• Source material:
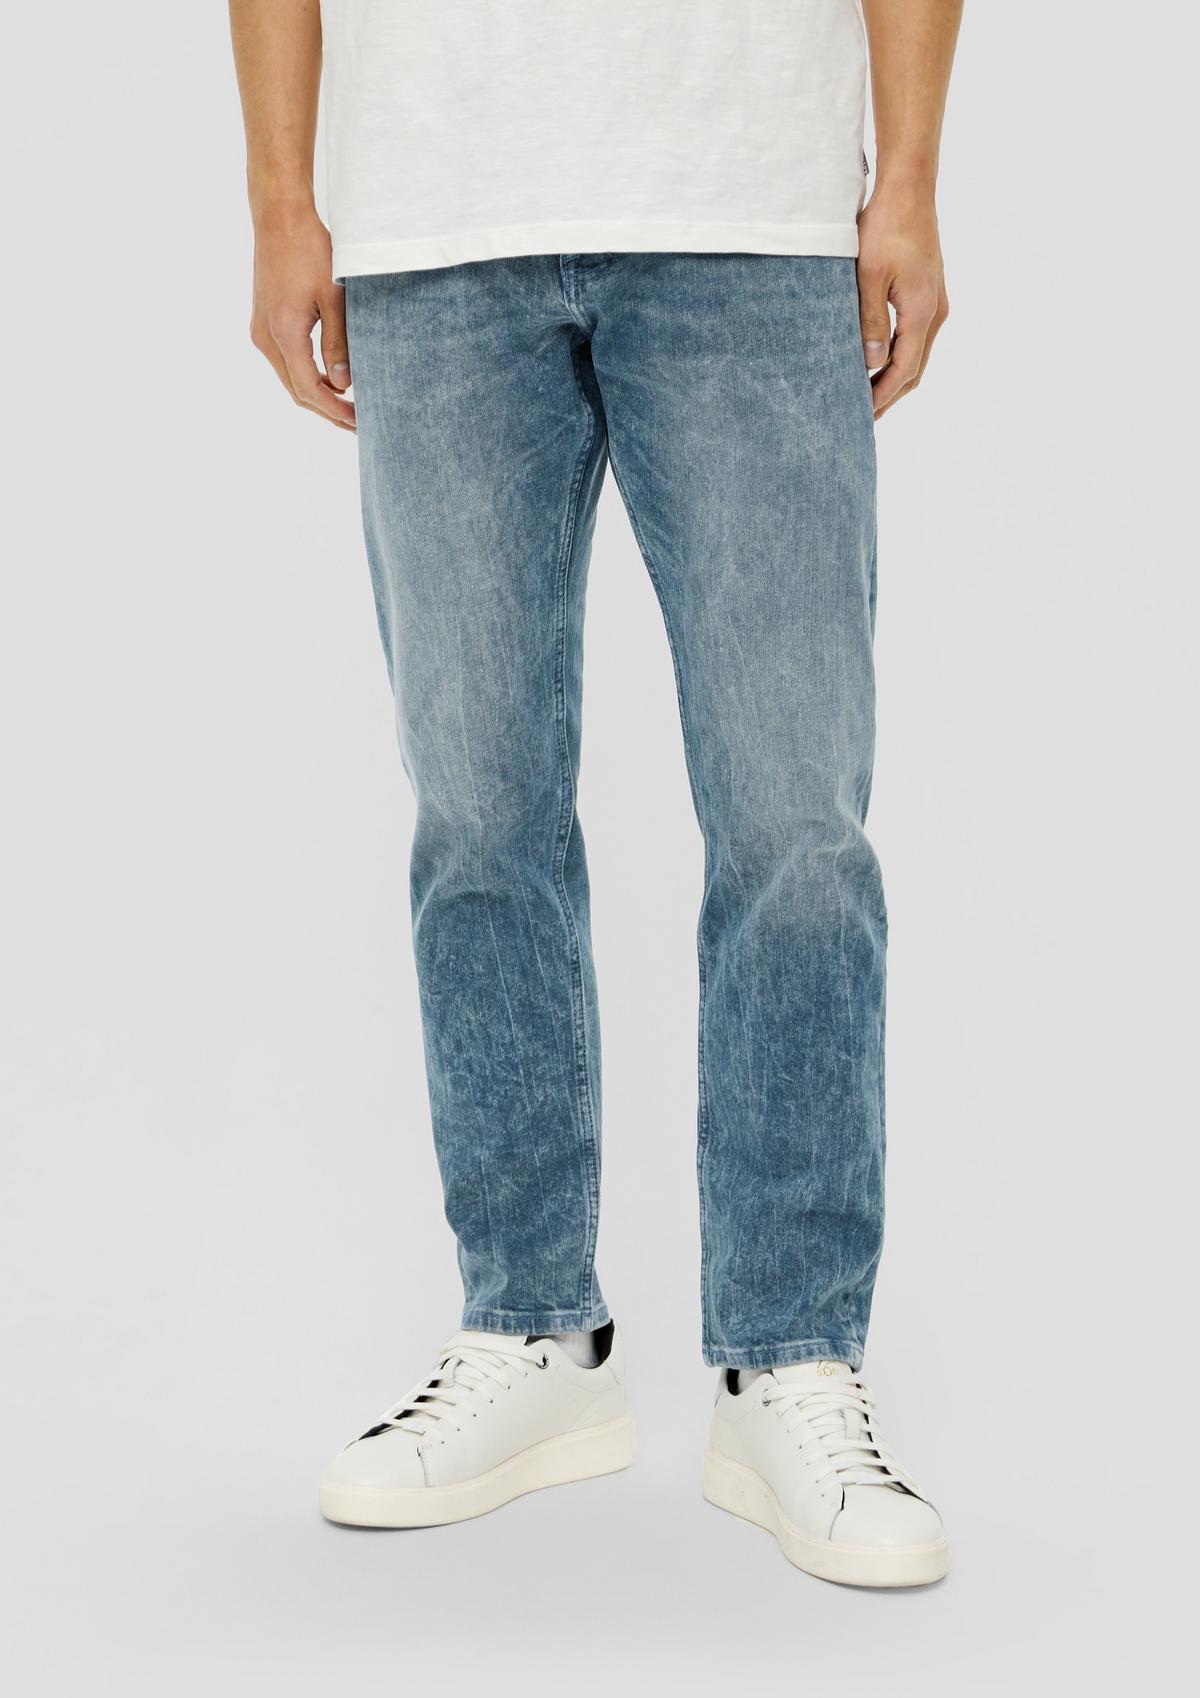 s.Oliver Jeans Mauro / Regular Fit / High Rise / Tapered Leg
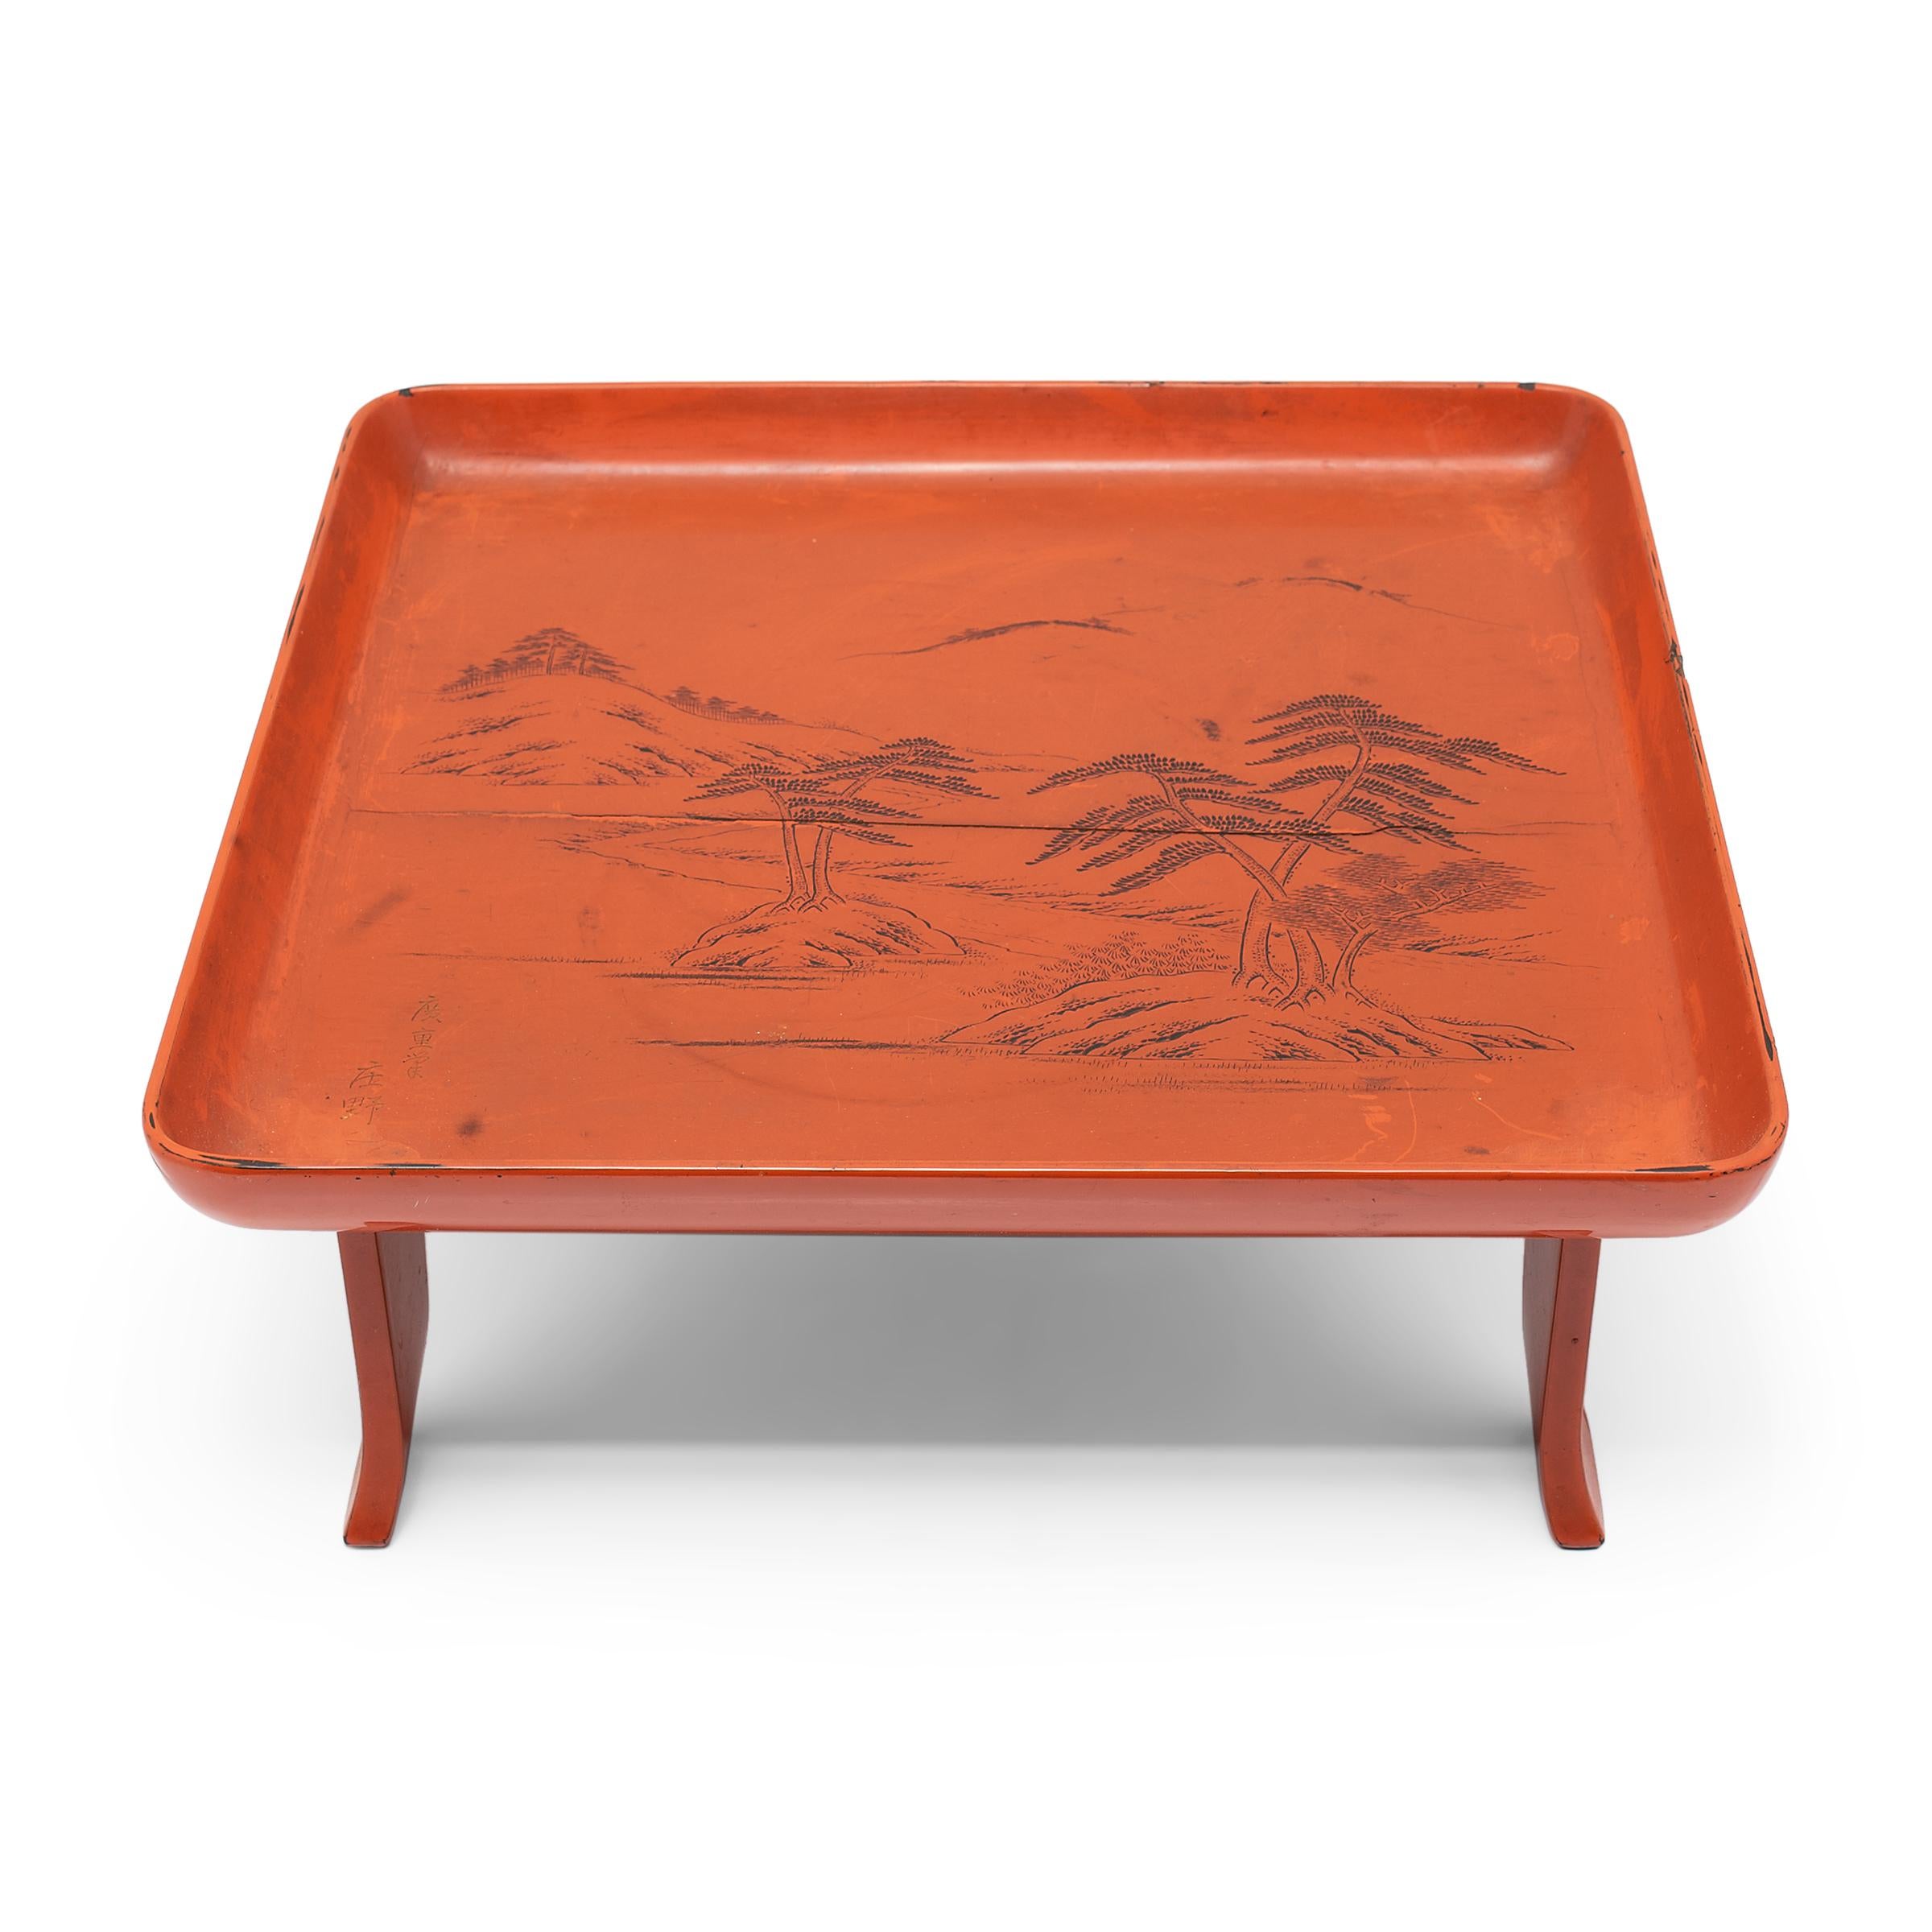 This Japanese serving tray exemplifies the refined style of Meiji-era lacquerware. Elevated by a splayed footed base, the tray has a shallow, square top with raised sides and rounded corners. The tray top is decorated with a serene sansui landscape,
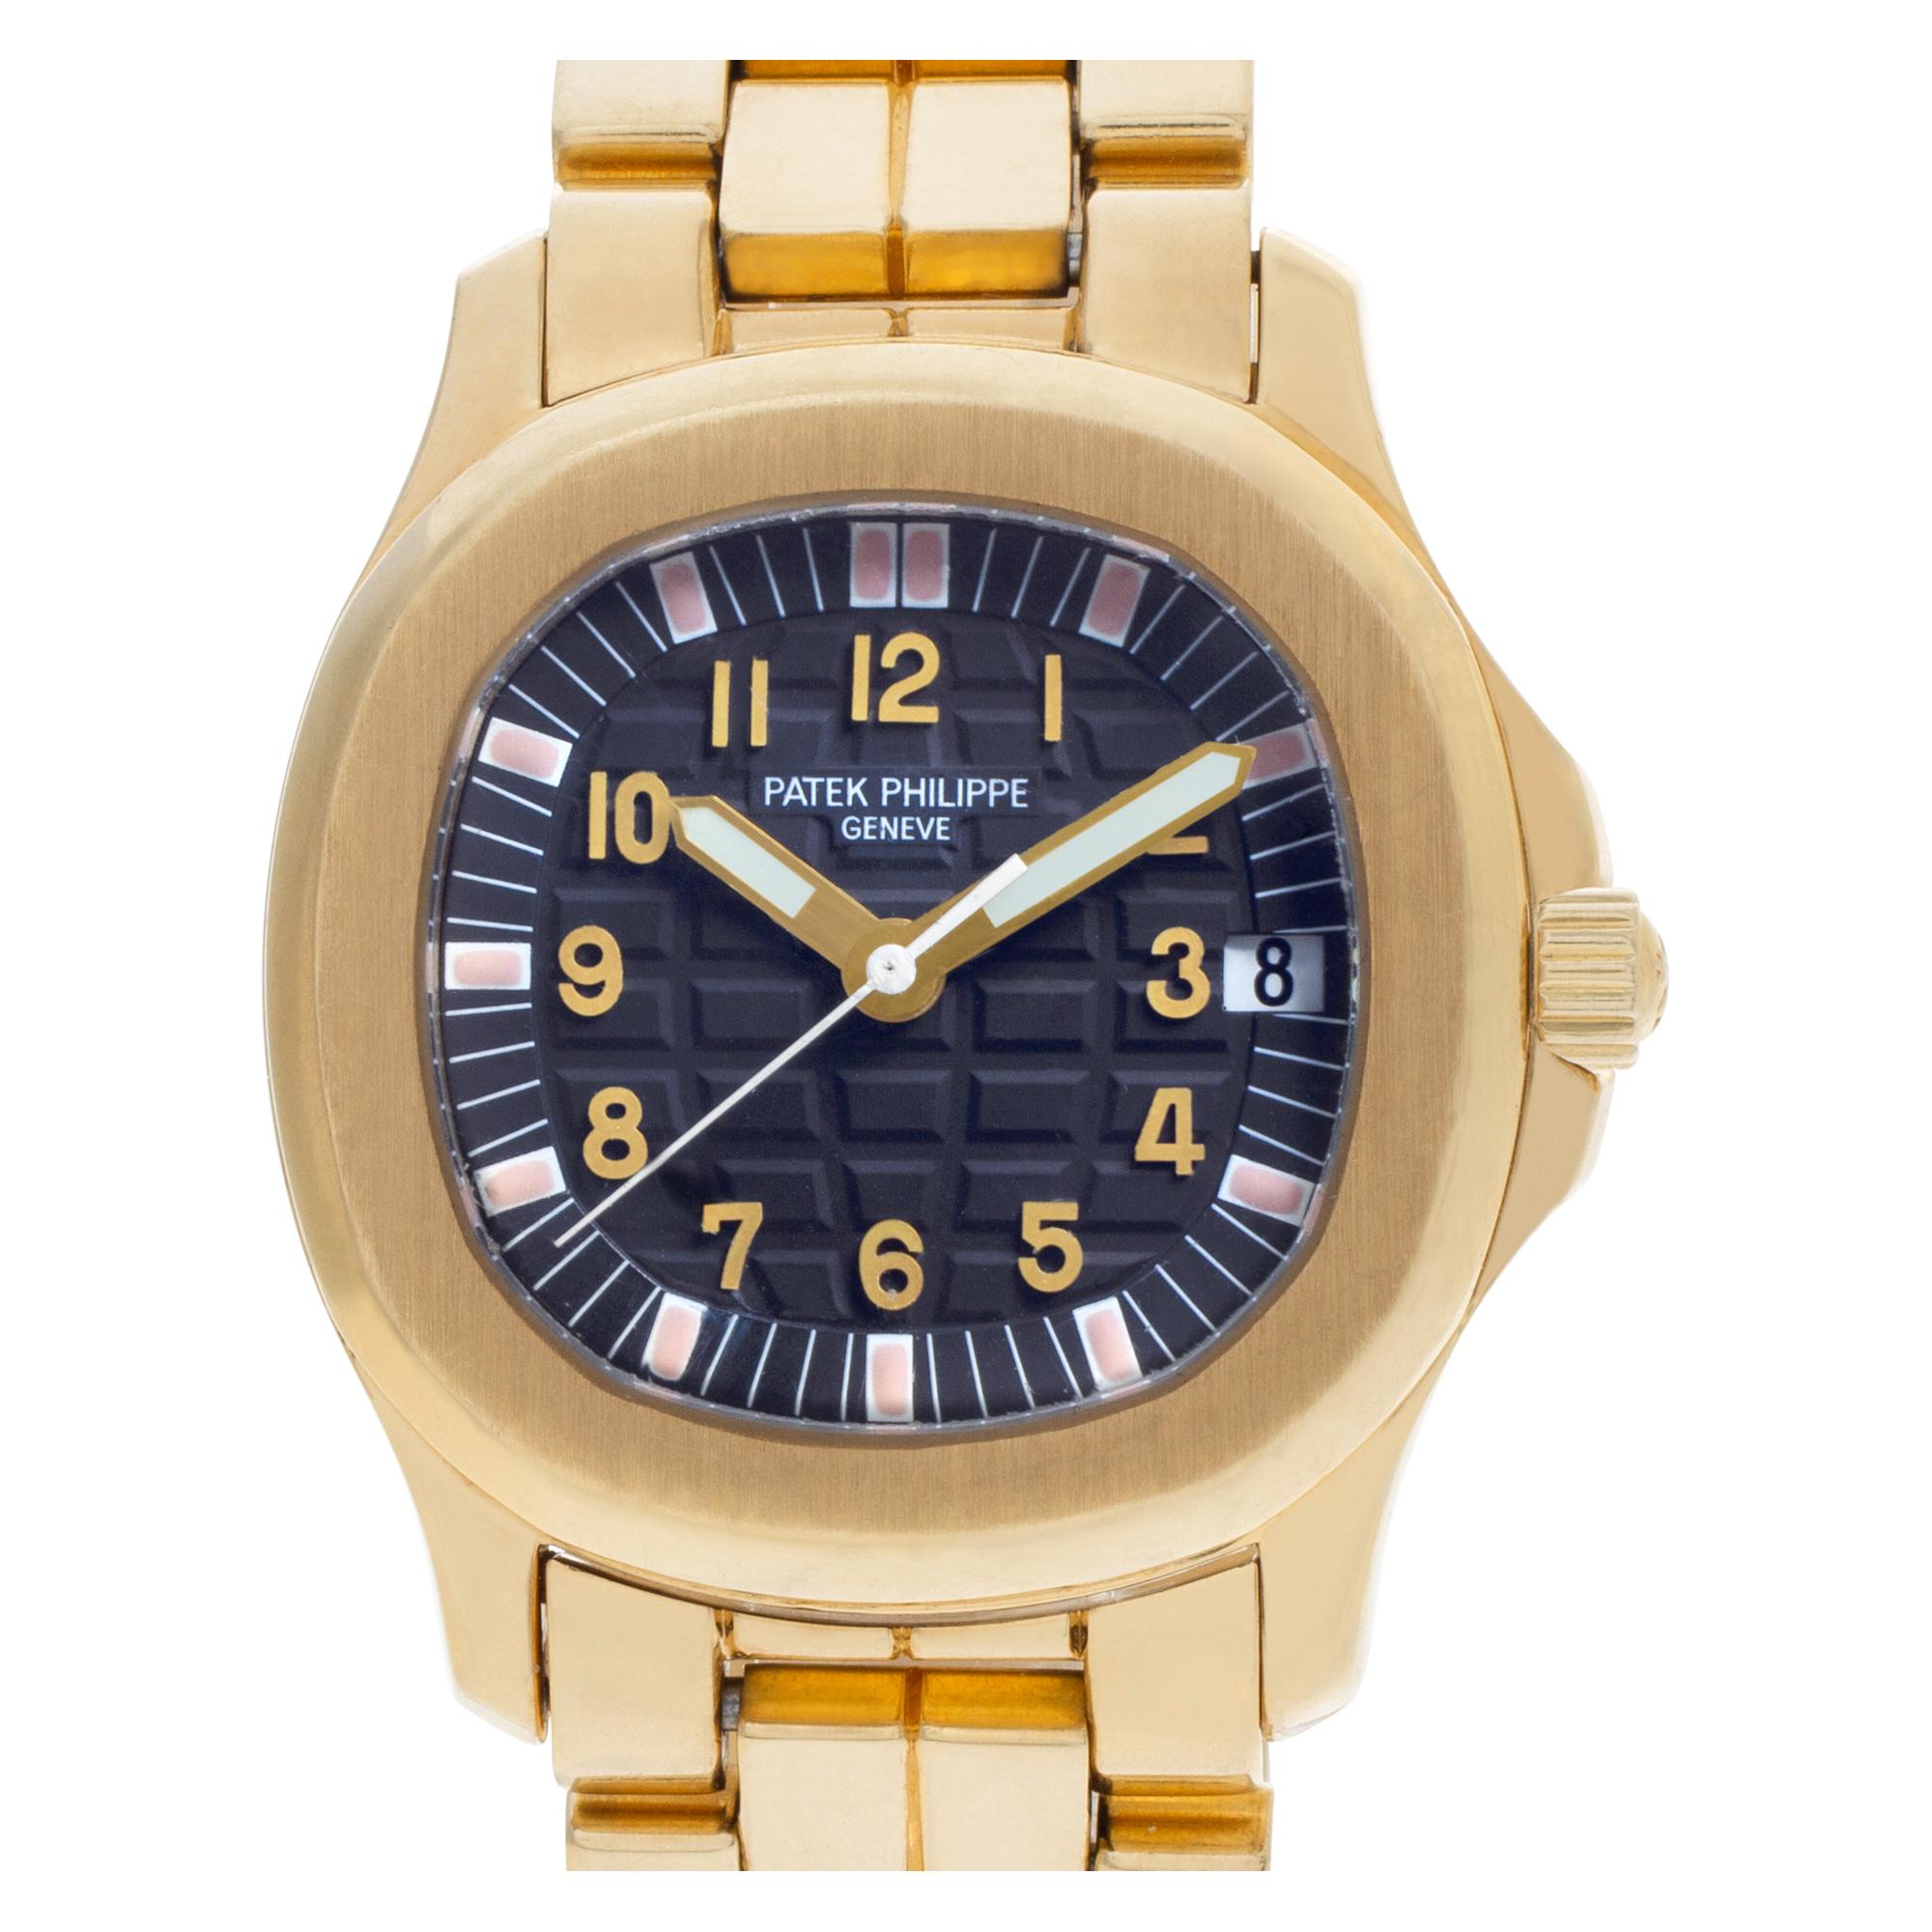 Patek Philippe Aquanaut in 18k Yellow Gold Ref. 5066/1J In Excellent Condition For Sale In Surfside, FL

• About this task: The full text of the data above, exact and without pictures, is what to return.

• The completed task:
 s.Oliver Jeans Mauro / Regular Fit / High Rise / Tapered Leg
 This Japanese serving tray exemplifies the refined style of Meiji-era lacquerware. Elevated by a splayed footed base, the tray has a shallow, square top with raised sides and rounded corners. The tray top is decorated with a serene sansui landscape,
 Patek Philippe Aquanaut in 18k Yellow Gold Ref. 5066/1J In Excellent Condition For Sale In Surfside, FL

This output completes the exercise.